Poor | Fair | Good | Excellent | |
---|---|---|---|---|
Poor | 2 | 12 | 8 | 0 |
Fair | 9 | 35 | 43 | 7 |
Good | 4 | 36 | 103 | 40 |
Excellent | 1 | 8 | 36 | 22 |
As a start we may only consider the diagonal entries for the assessment of agreement.
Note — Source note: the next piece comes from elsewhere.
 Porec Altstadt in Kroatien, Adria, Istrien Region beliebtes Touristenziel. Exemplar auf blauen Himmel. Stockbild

This is unweighted kappa, calculated with \[\begin{eqnarray*} p_\mathrm{obs}= \sum_{i=1}^{k} p_{ii}, \\ p_\mathrm{exp}= \sum_{i = 1}^k p_{i\cdot} p_{\cdot i} \end{eqnarray*}\] where \(k\) is the number of categories, \(p_{ij}\) is the observed relative frequency in cell (\(i\), \(j\)), while \(p_{i\cdot}\) and \(p_{\cdot i}\) are the corresponding row and column sums.
However, agreement for ordinal variables is better based on the weighted \(\kappa_w\) with weights of agreement \(w_{ij}\):
\[\begin{eqnarray*} p_\mathrm{obs}&=& \sum_{i=1}^{k}\sum_{j=1}^{k} w_{ij}p_{ij}, \\ p_\mathrm{exp}&=& \sum_{i = 1}^k\sum_{j=1}^{k} w_{ij}p_{i \cdot} p_{\cdot j}, \\ \kappa_w &=& \frac{p_\mathrm{obs}-p_\mathrm{exp}}{1-p_\mathrm{exp}}. \end{eqnarray*}\] The standard error of \(\kappa_w\) is also available.
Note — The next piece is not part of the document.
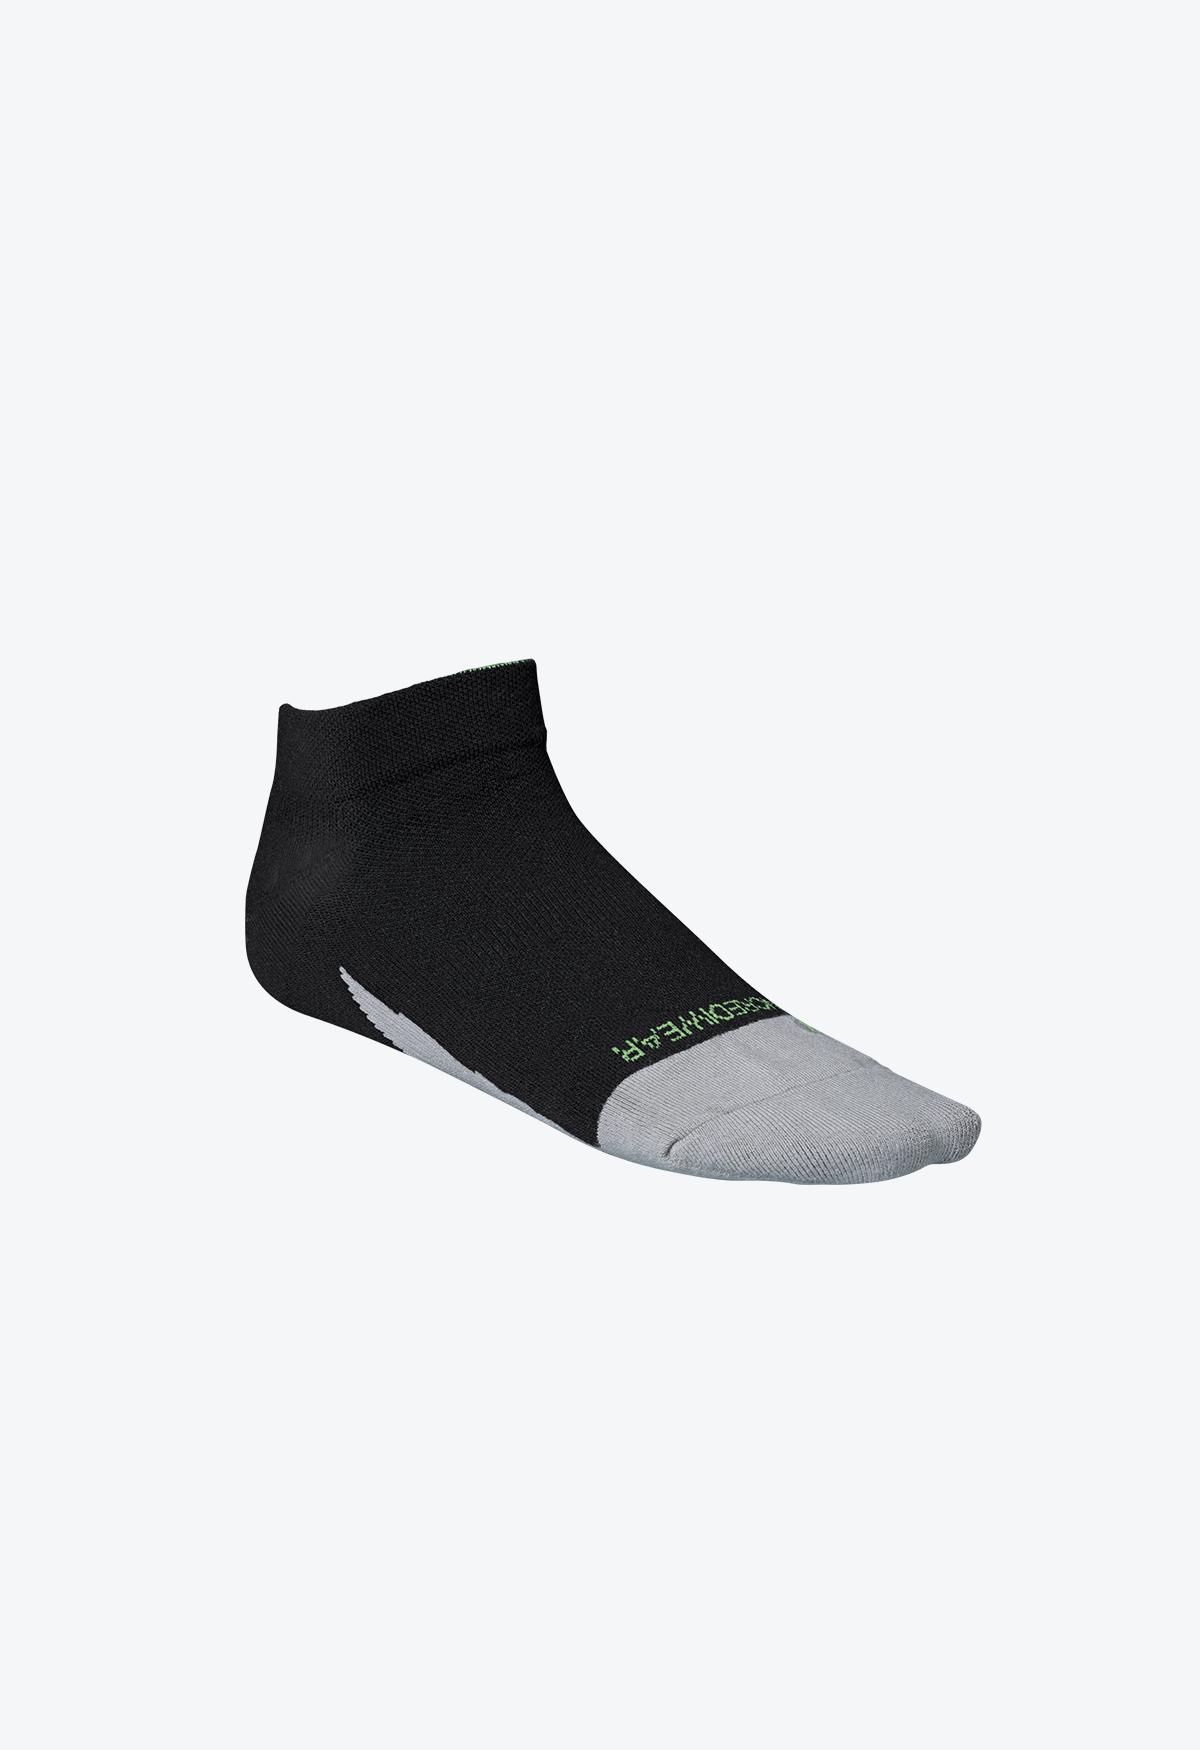 Golf_Socks_Low_Left

Common choices for the weight are quadratic and linear weights.
- Quadratic weights:
## Poor Fair Good Excellent
## Poor 1.00 0.89 0.56 0.00
## Fair 0.89 1.00 0.89 0.56
## Good 0.56 0.89 1.00 0.89
## Excellent 0.00 0.56 0.89 1.00
- Linear weights:
## Poor Fair Good Excellent
## Poor 1.00 0.67 0.33 0.00
## Fair 0.67 1.00 0.67 0.33
## Good 0.33 0.67 1.00 0.67
## Excellent 0.00 0.33 0.67 1.00
Example 3.6 (continued) Analysing agreement of the health assessments from Table 3.6 with the unweighted and weighted \(\kappa\):
## Call: cohen.kappa1(x = x, w = w, n.obs = n.obs, alpha = alpha, levels = levels,
## w.exp = w.exp)
##
## Cohen Kappa and Weighted Kappa correlation coefficients and confidence boundaries
## lower estimate upper
## unweighted kappa 0.053 0.13 0.20
## weighted kappa 0.266 0.35 0.44
##
## Number of subjects = 366
The function cohen.kappa()
uses quadratic weights as default. The weighted \(\kappa_w\) turns out to be
larger than the unweighted \(\kappa\).
3.5 Additional references
Literature on this topic includes Chapter 13 in Douglas G. Altman et al. (2000) and Chapter 20 on clinical measurements in M. Bland (2015). Methodological discussions can be found in the Statistics Notes Douglas G. Altman and Bland (1996a), Douglas G. Altman and Bland (1996b), and Douglas G. Altman and Bland (1996c). Studies where the methods from this chapter are used in practice are for example Islami et al. (2009), Little et al. (2002), and Spector et al. (1995).